── INFORMATION PROVIDED ──

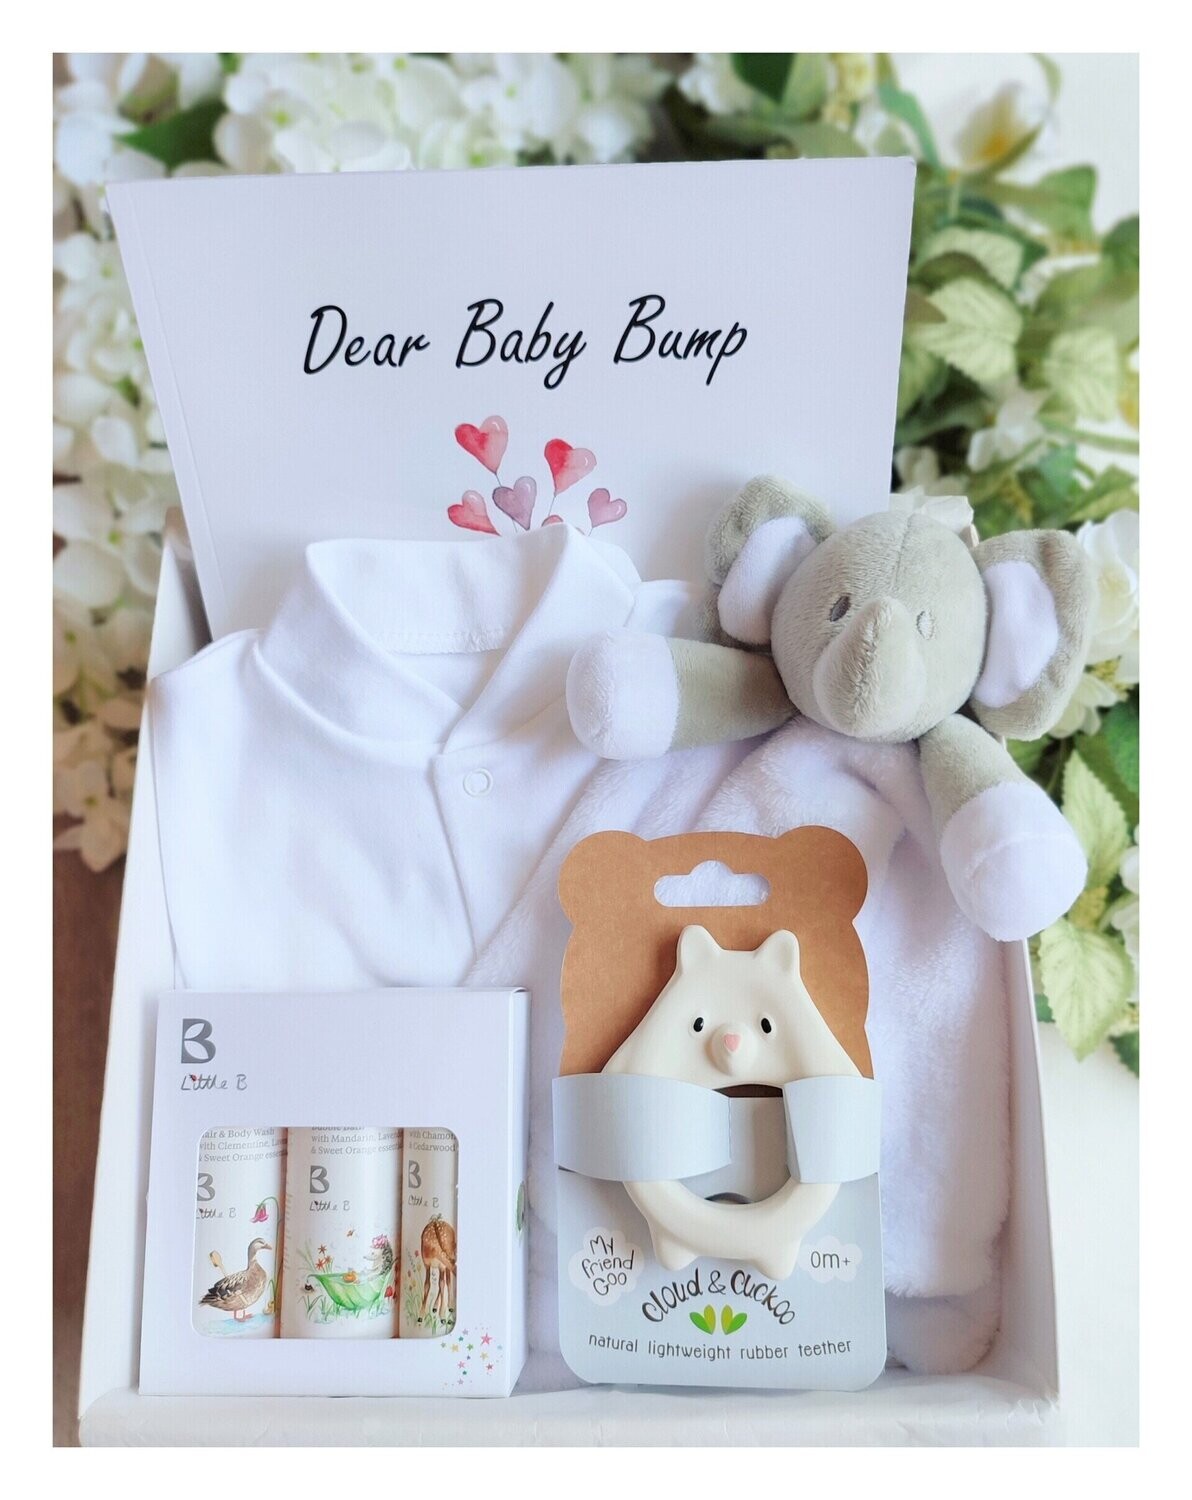 Cuddle & Play New Baby Gift Box
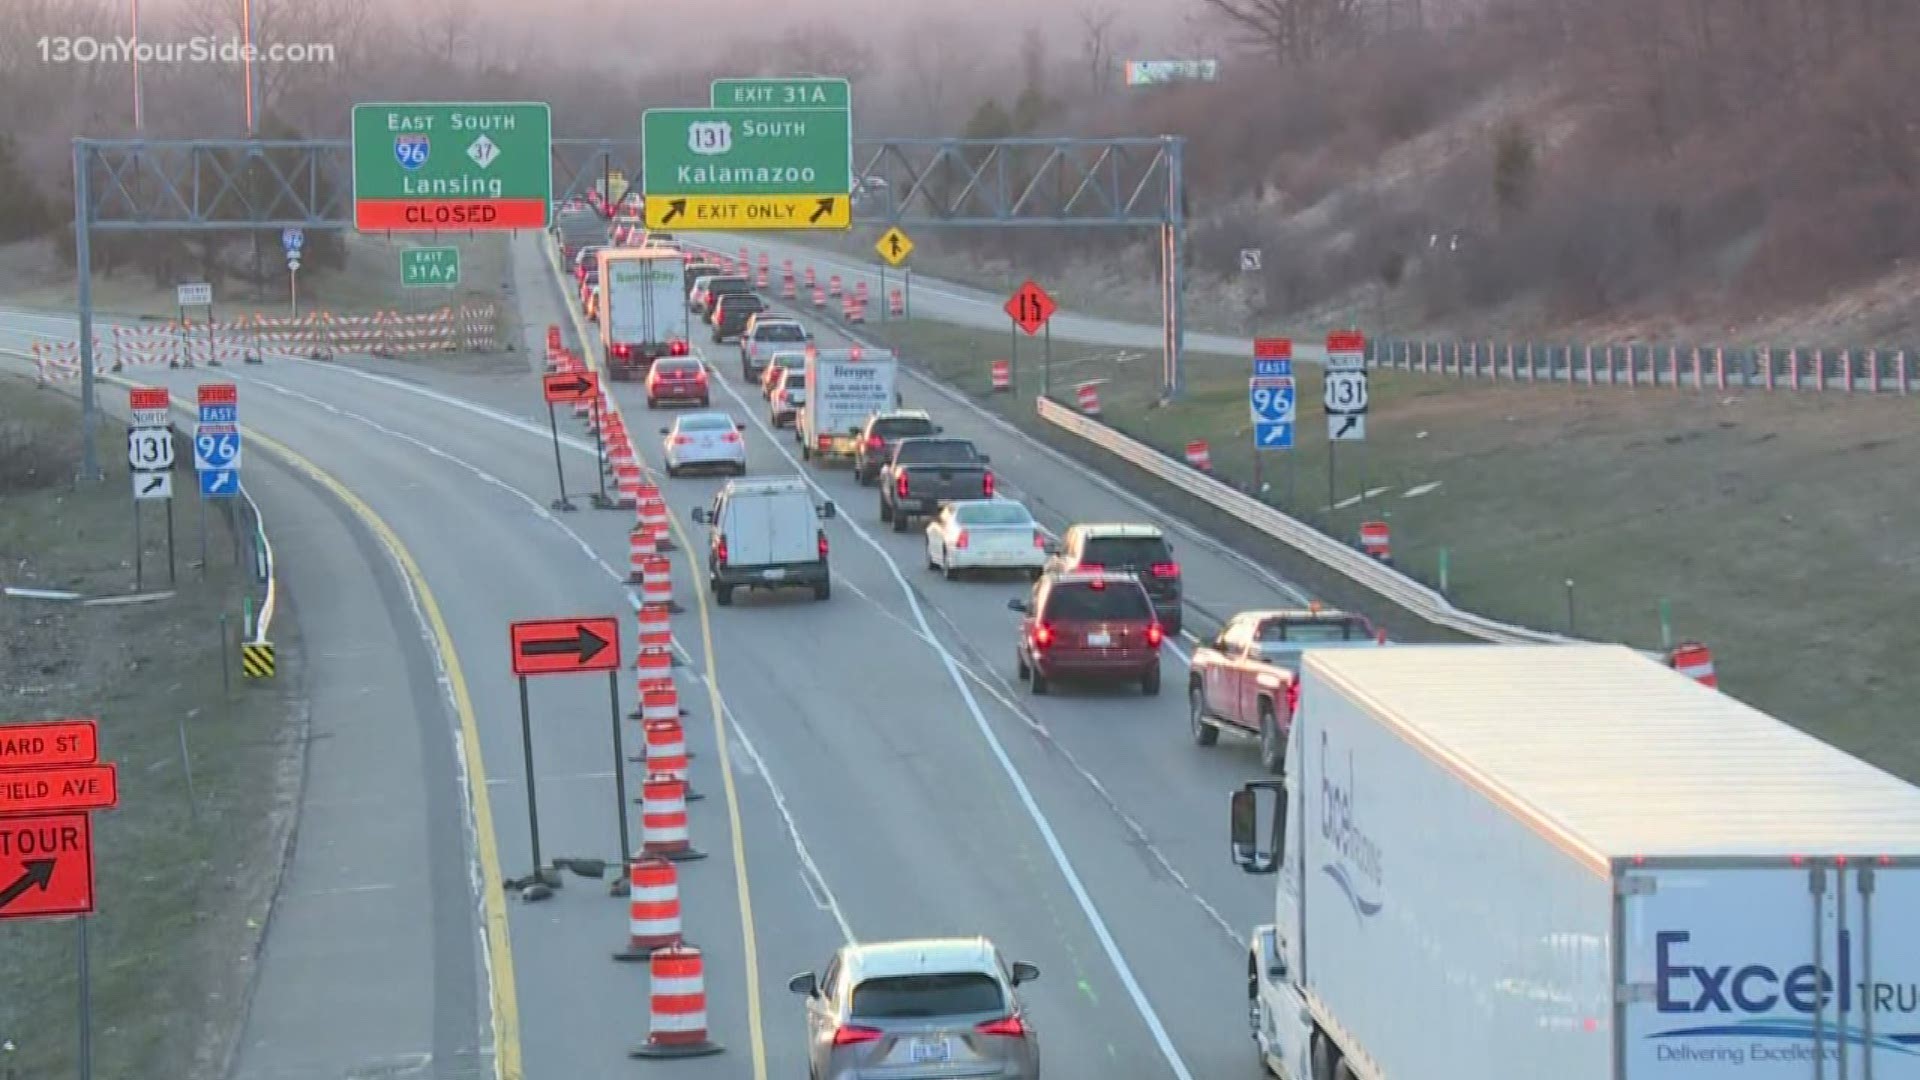 The Michigan Department of Transportation announced Wednesday the ramp from Ionia Avenue to westbound I-196 is now open. MDOT invested $21.4 million to widen and reconstruct the westbound I-196 bridge over the Grand River at the US-131 interchange. The wider bridge will accommodate wider shoulders and additional lanes to better connect westbound I-196 to the US-131 interchange.
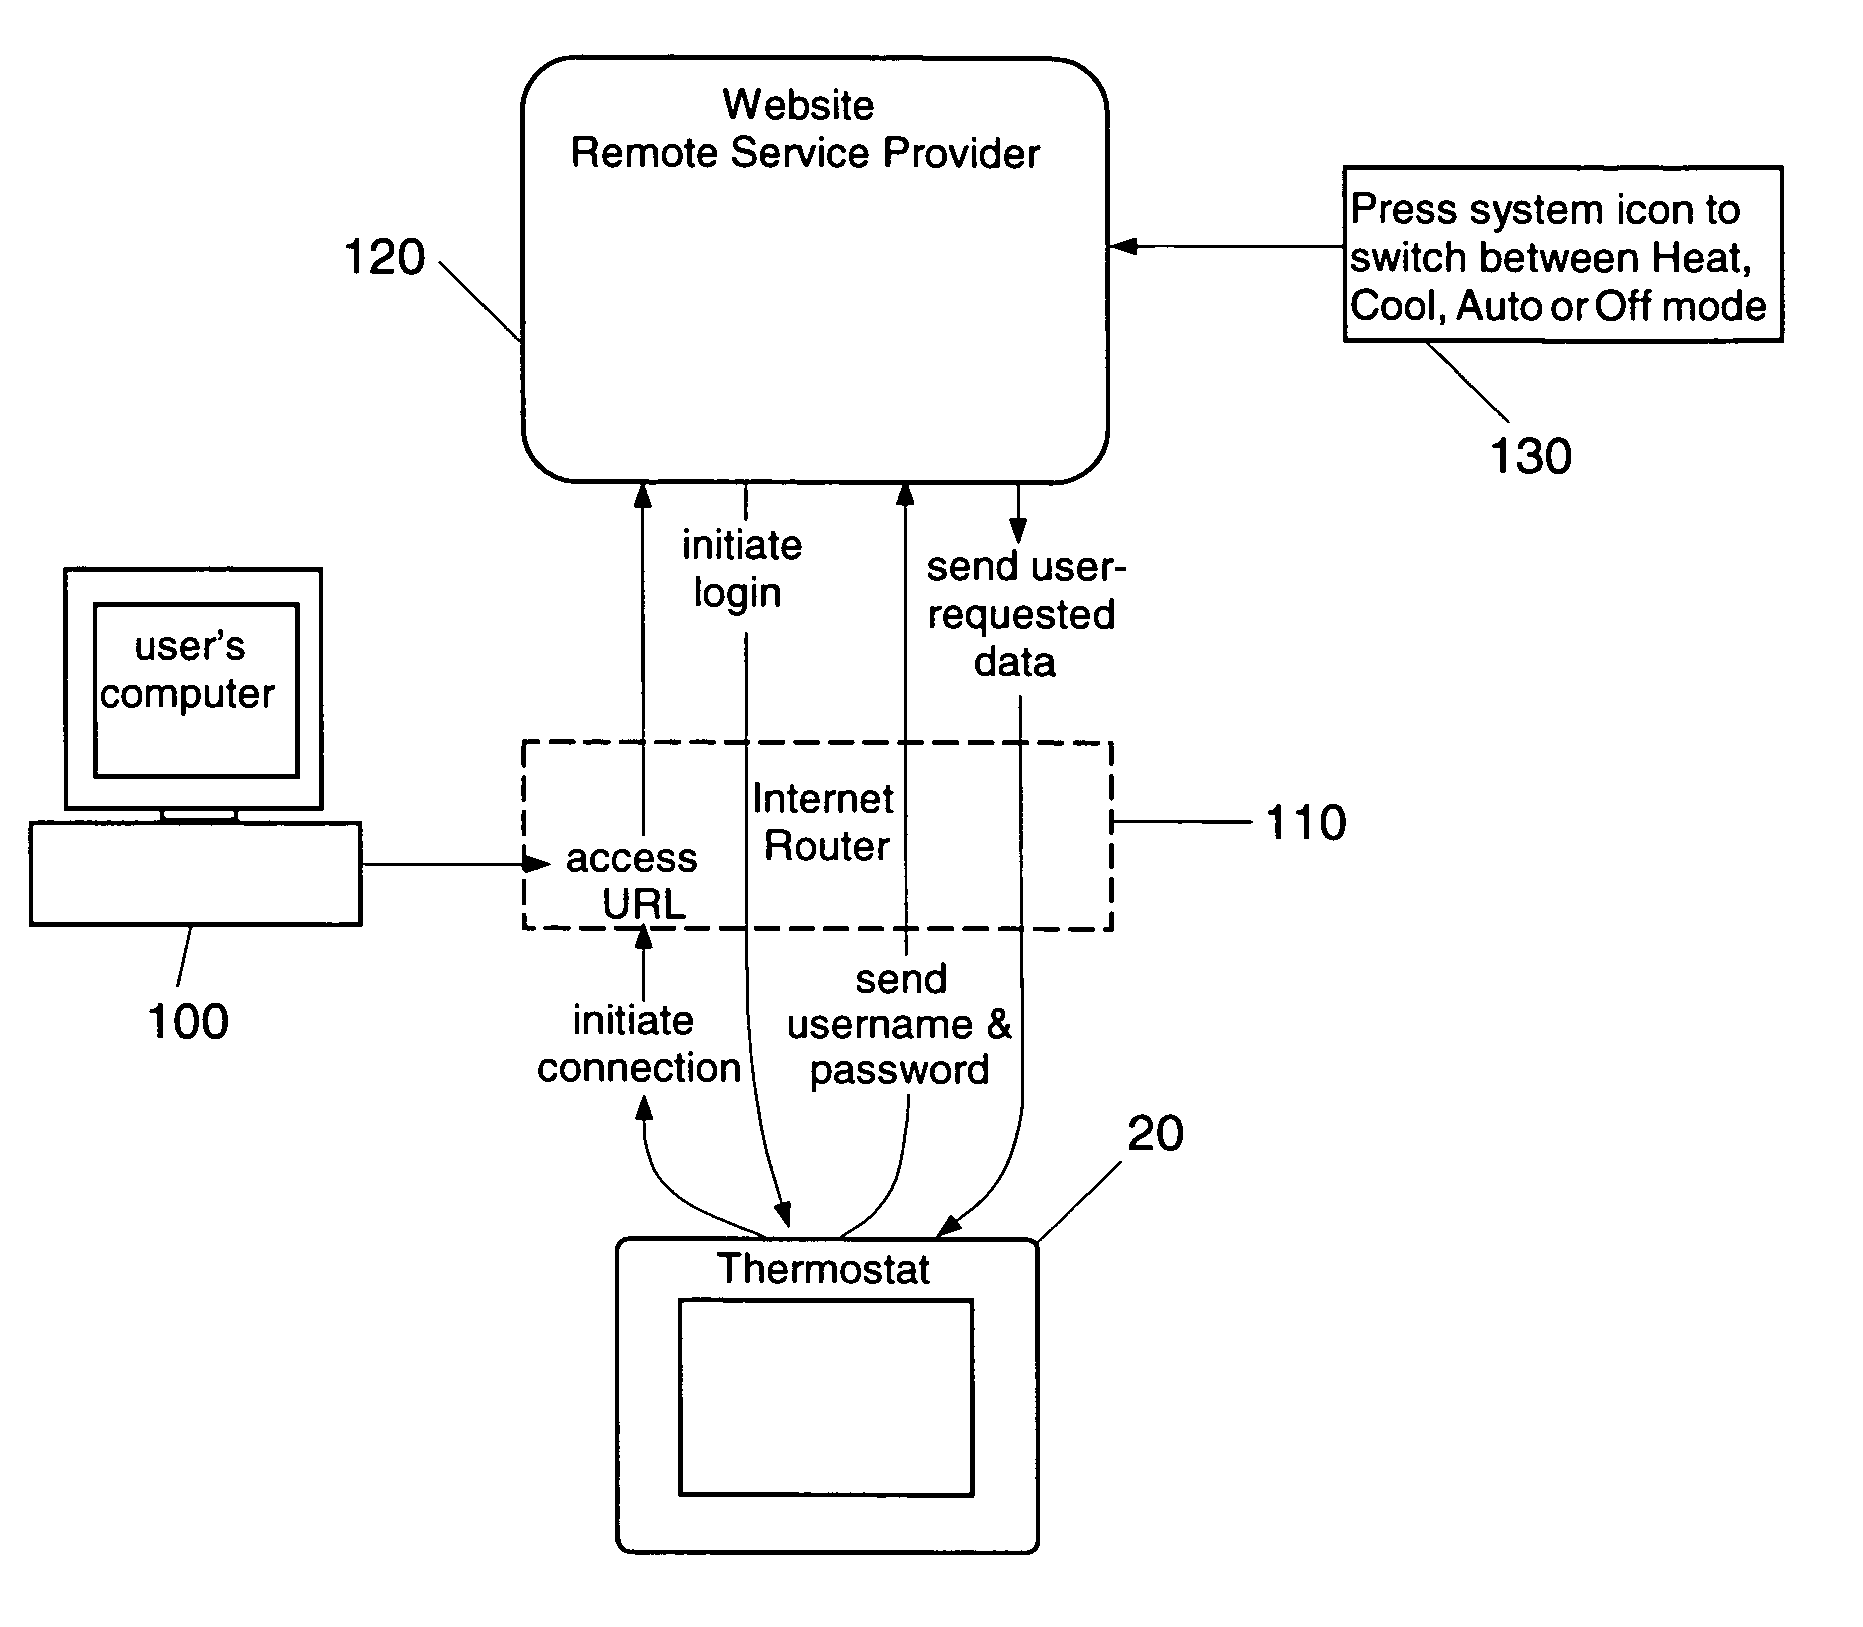 Thermostat capable of displaying recieved information

───

[WHAT IS EXPECTED]:
Word for word, retype the lines from the one with "The Michigan Department" through the final line of the data, both included. No pictures belong in the copy.

[EXERCISE SOLUTION]:
 The Michigan Department of Transportation announced Wednesday the ramp from Ionia Avenue to westbound I-196 is now open. MDOT invested $21.4 million to widen and reconstruct the westbound I-196 bridge over the Grand River at the US-131 interchange. The wider bridge will accommodate wider shoulders and additional lanes to better connect westbound I-196 to the US-131 interchange.
 Thermostat capable of displaying recieved information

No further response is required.